Let’s say you are acquiring leads so your company can sell wonderwidgets. You’re a smart direct marketer, you know most people just want to know if your company might have a solution for their challenges, so you build a nice solution-based mailer. You don’t focus much on product because WonderWidgets have a nine-month sales cycle—that means probably 90% of your respondents don’t care about product yet, they just want to know if there is a solution.
You get great response—you mailed 100,000 pieces and you got 5% response.
Whoopee, 5,000 leads—sales will be so pleased with you. Your Web response site and your BRC gather lots of qualifying information. You send the leads off to the sales force, and you get 50 bile-saturated emails telling you how much the leads suck. Ninety percent are just people kicking tires. So next time you decide to score and filter the leads. You take your basic lead parameters—how interested are they, have they established a budget, how big is the opportunity, when do they plan to purchase, is this the decision maker. You build a nice scoring matrix. Hot, warm, cold—ABCD—A1, A2, A3, B1, B2… whatever… You find that ninety percent of your leads are cold or C/D leads. So only ten percent of your 5,000 leads go to the sales force and the rest fall to the bottom of their sales force automation database, never to be seen again.
You send 500 leads to the sales force. And you get 50 vindictive emails screaming that they don’t have enough leads, and they are already talking to all the hot leads. Does any of this sound familiar? Here’s the real problem. While 90 percent of the people who raise their hands may not be ready to buy within the engagement window of an effective sales force (a lousy one will work any leads you give them, but they’ll never make quota), they ARE real prospects. In the midst of the barrage of advertising they are subjected to, your message resonated with their pain and they responded. They need your solution—they just are not ready yet. They are not matured into a sales lead. Time and again, when we survey cold leads a year after acquisition, we find 80-90% of them have bought a solution for the pain that made them respond. But, probably not your solution—unless you find a way to stay in front of them, feed them valuable information and advice, set the playing field, and deliver them to the sales force when they are ready to purchase. Then you will need an overarching strategy for how you will re-score these leads as they mature from cold to hot.

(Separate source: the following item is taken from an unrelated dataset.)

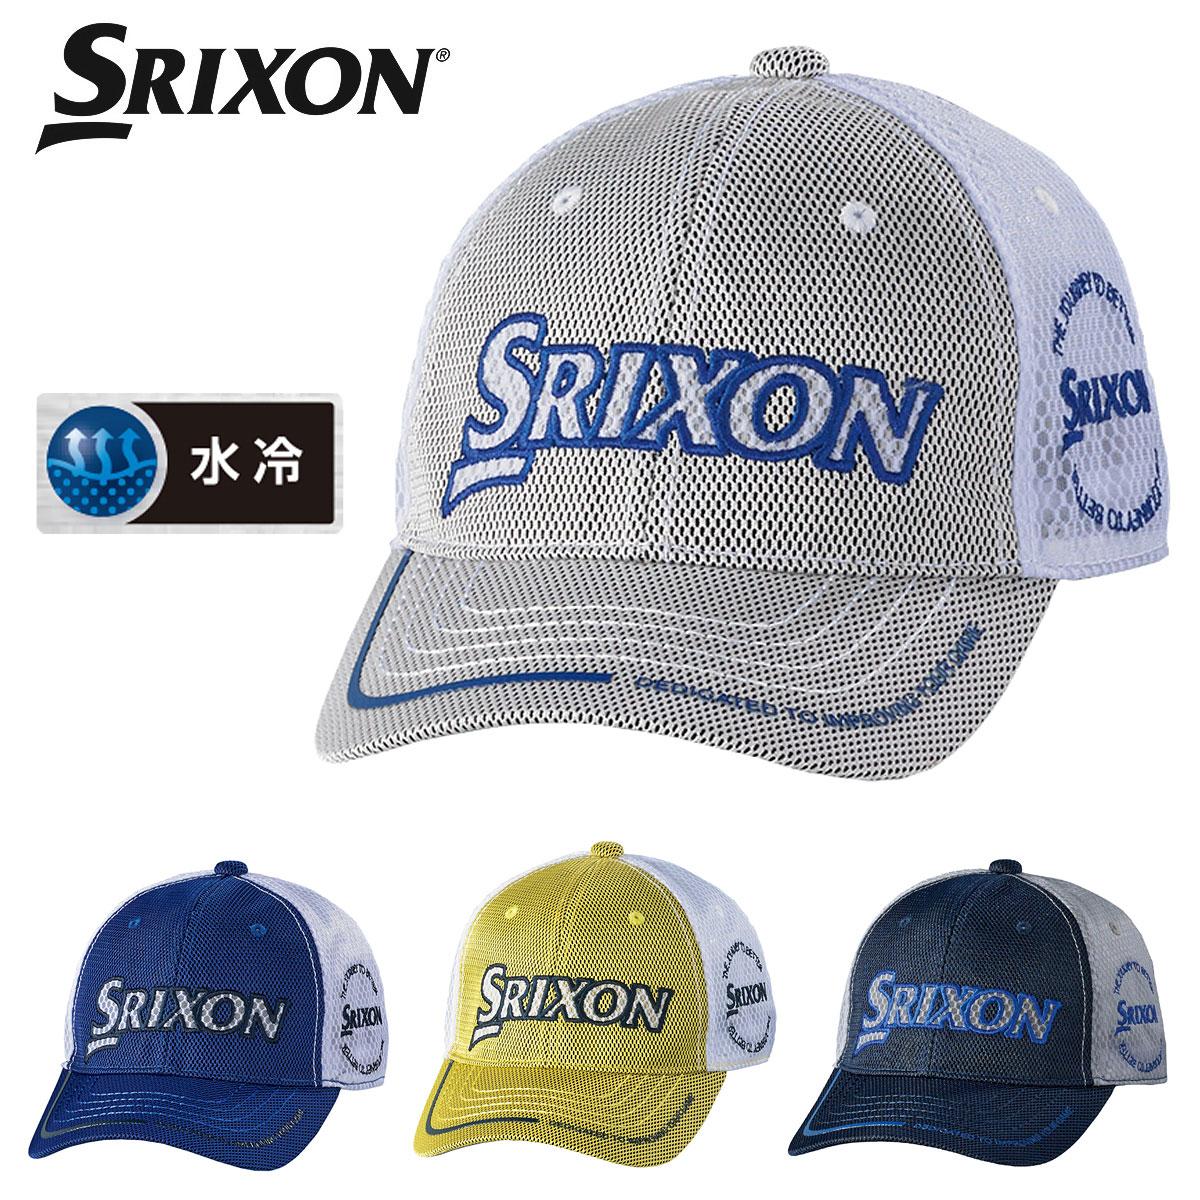 即納 DUNLOP ダンロップ 日本正規品 SRIXON スリクソン オートフォーカス あす楽対応 公式 秀逸 ゴルフメッシュキャップ 2021新製品 SMH1135

The biggest difference maturation makes is the trend for qualified, sales-ready leads. As long as you keep maturing prospects into leads, all your acquisition campaigns are additive. The maturation base continues to climb, the cost per lead declines rapidly, and the number of leads you can deliver to the sales force each month continues to climb. Generally, in five iterations of acquisition coupled with maturation, the maturation lead flow is twice the lead flow from direct acquisition. At ten iterations, the maturation flow is typically five times the direct acquisition. And you’ll find that these are the best leads you’ve ever had—because they understand why your solution is superior, you always make the short list, and you’ve created a minefield of expectations that your competition must traverse.

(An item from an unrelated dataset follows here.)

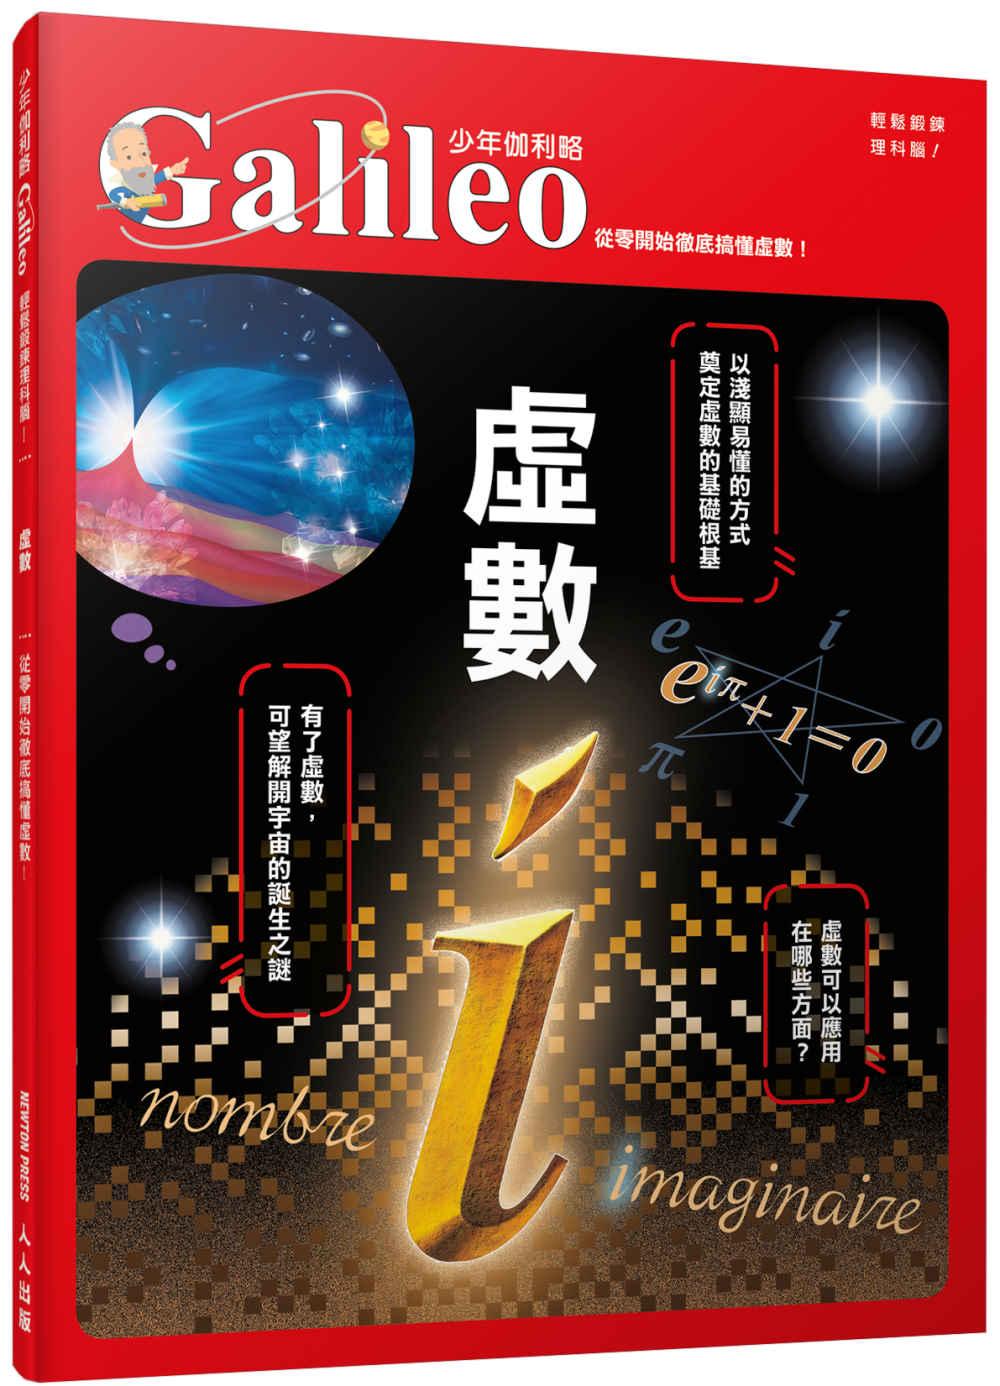 虛數:從零開始徹底搞懂虛數  少年伽利略1

Any acquisition process that captures name, email address and a little profiling information can effectively feed the machine. And, it flies under the radar screen—your competition will hardly know what hit them. Just don’t expect the sales force to feel any gratitude when your hard work sends them all to quota club—they HAVE to believe they did it all themselves in order to function.
The Maturation Process
One of our most important discoveries in the last ten years is that, with a maturation process in place, the only real difference between cold leads and hot leads is time. We discovered this by accident when we surveyed leads generated the previous year for one of our oldest clients. We discovered that the number of people who had bought a solution was exactly the same for hot or cold leads! That didn’t mean they all bought our client’s product, however, because the client has no maturation process in place. In fact, they were getting almost exactly their market share worth of sales conversion from cold leads and a much higher conversion ratio from hot leads. It was pretty easy to formulate a theory as to why that was.
Yes, we were gratified to be able to find people who were ultimately going to buy a solution, but we were frustrated because we were not able to do anything about it. So we built a maturation process that is independent of the sales force, and everything started to change. We were able to increase the return on investment measured directly from sales by several hundred percent. In one case, we achieved an ROI of over 1300% by adding maturation to an otherwise ordinary program. That’s a result worth a bit of extra effort.